Anti-melanogenesis and anti-tyrosinase properties of aryl-substituted acetamides of phenoxy methyl triazole conjugated with thiosemicarbazide: Design, synthesis and biological evaluations

Abstract

A series of aryl phenoxy methyl triazole conjugated with thiosemicarbazides were designed, synthesized, and evaluated for their tyrosinase inhibitory activities in the presence of l-dopa and l-tyrosine as substrates. All the compounds showed tyrosinase inhibition in the sub-micromolar concentration. Among the derivatives, compound 9j bearing benzyl displayed exceptionally high potency against tyrosinase with IC₅₀ value of 0.11 μM and 0.17 μM in the presence of l-tyrosine and l-dopa as substrates which is significantly lower than that of kojic acid as the positive control with an IC₅₀ value of 9.28 μM for l-tyrosine and 9.30 μM for l-dopa. According to Lineweaver-Burk plot, 9j demonstrated an uncompetitive type of inhibition in the kinetic assay. Also, in vitro antioxidant activities determined by DPPH assay recorded an IC₅₀ value of 68.43 μM for 9i.

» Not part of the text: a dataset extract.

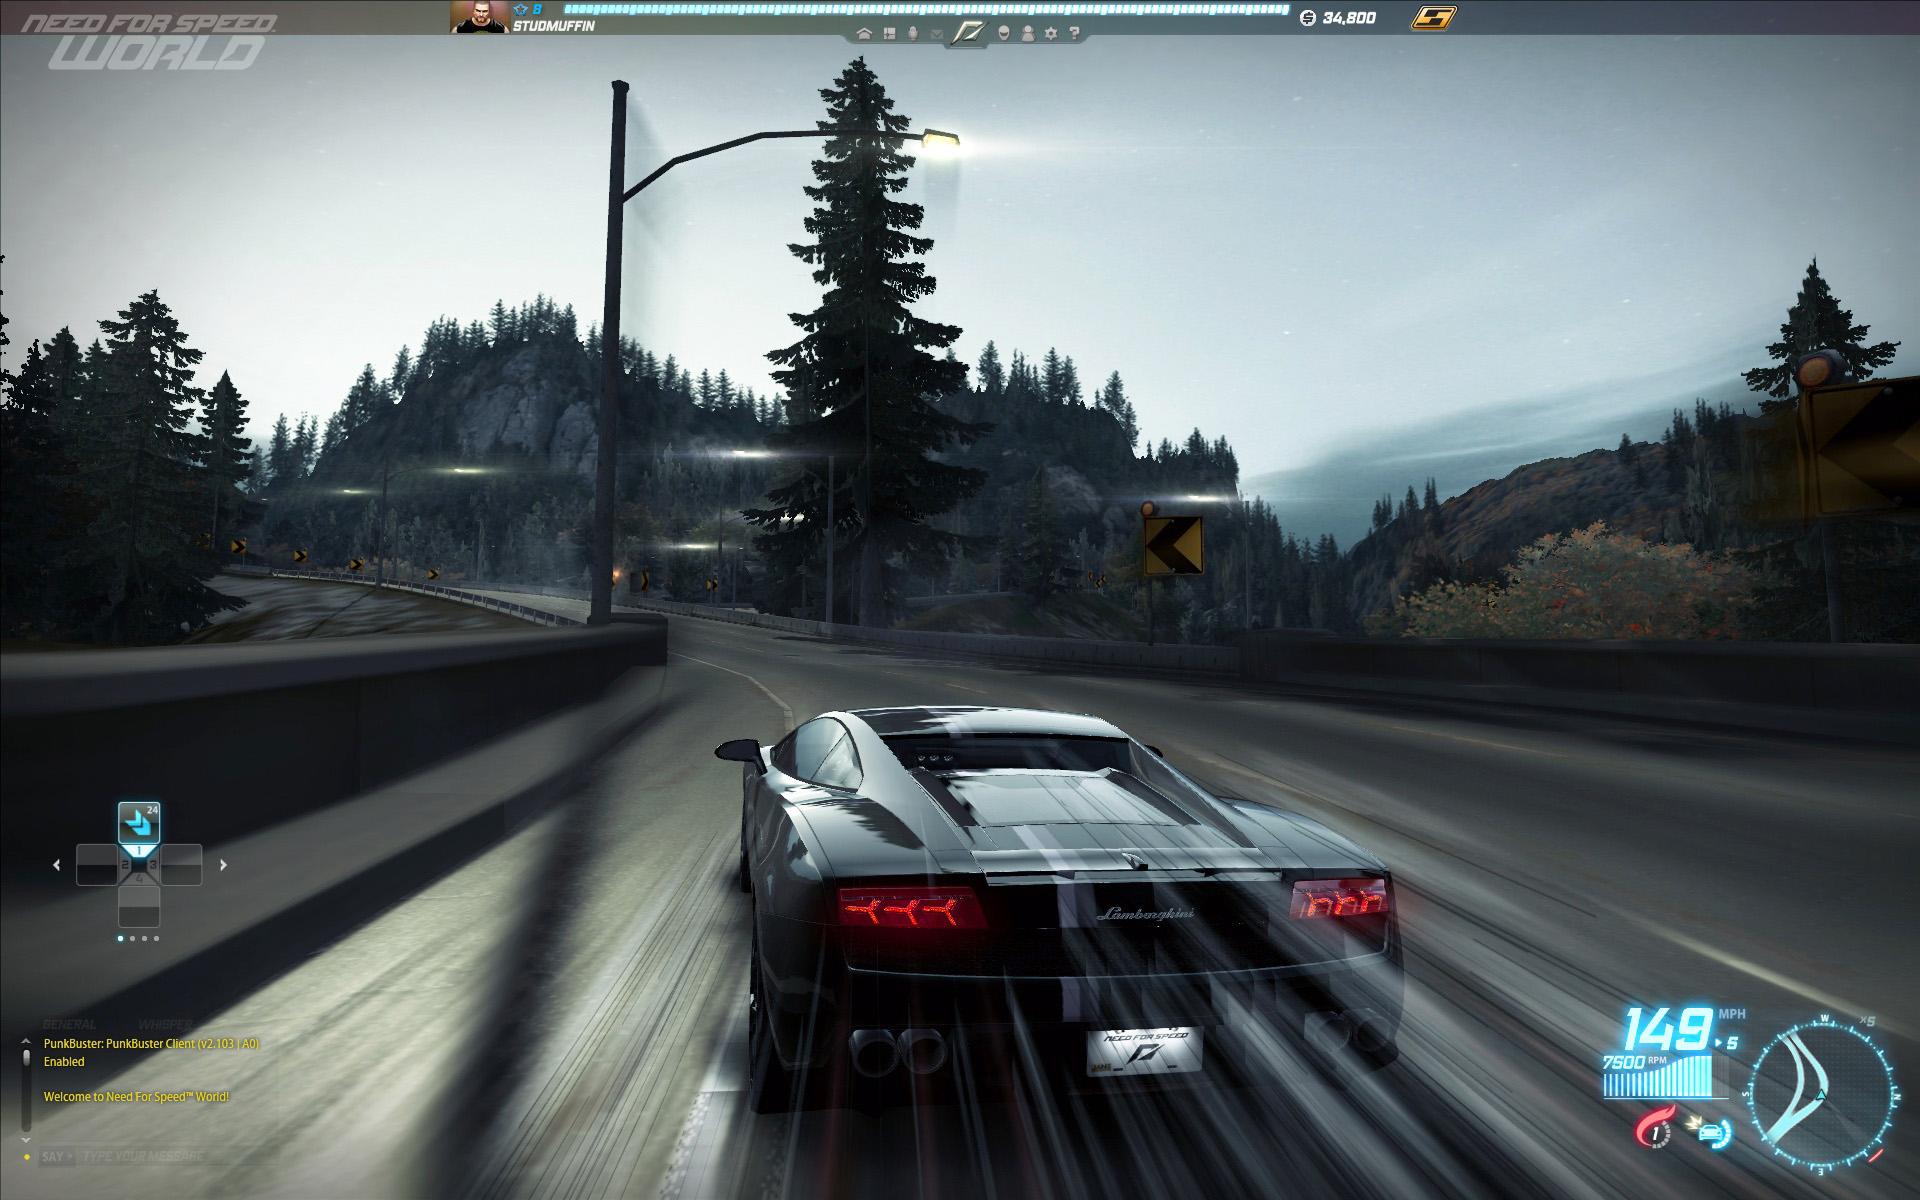 Space 3d Live Wallpaper Need For Speed In Hd Hd Desktop Wallpapers 4k Hd
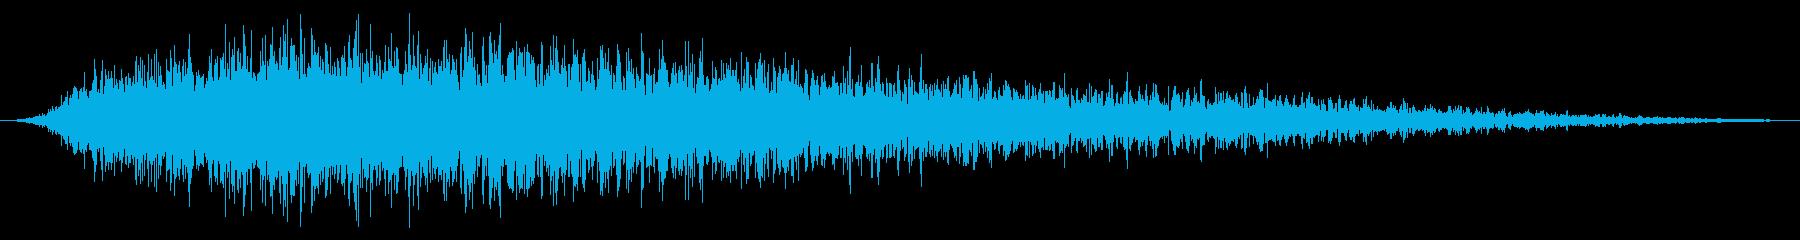 長いメタリックスペースウォッシュま...の再生済みの波形

The melanin content of 9j was determined on B16F10 melanoma human cells which demonstrated a significant reduction of the melanin content. Moreover, the binding energies corresponding to the same ligand as well as computer-aided drug-likeness and pharmacokinetic studies were also carried out. Compound 9j also possessed metal chelation potential correlated to its high anti-TYR activity.

Keywords: Copper chelation; Melanin content; Molecular docking; Organic synthesis; Tyrosinase inhibitor.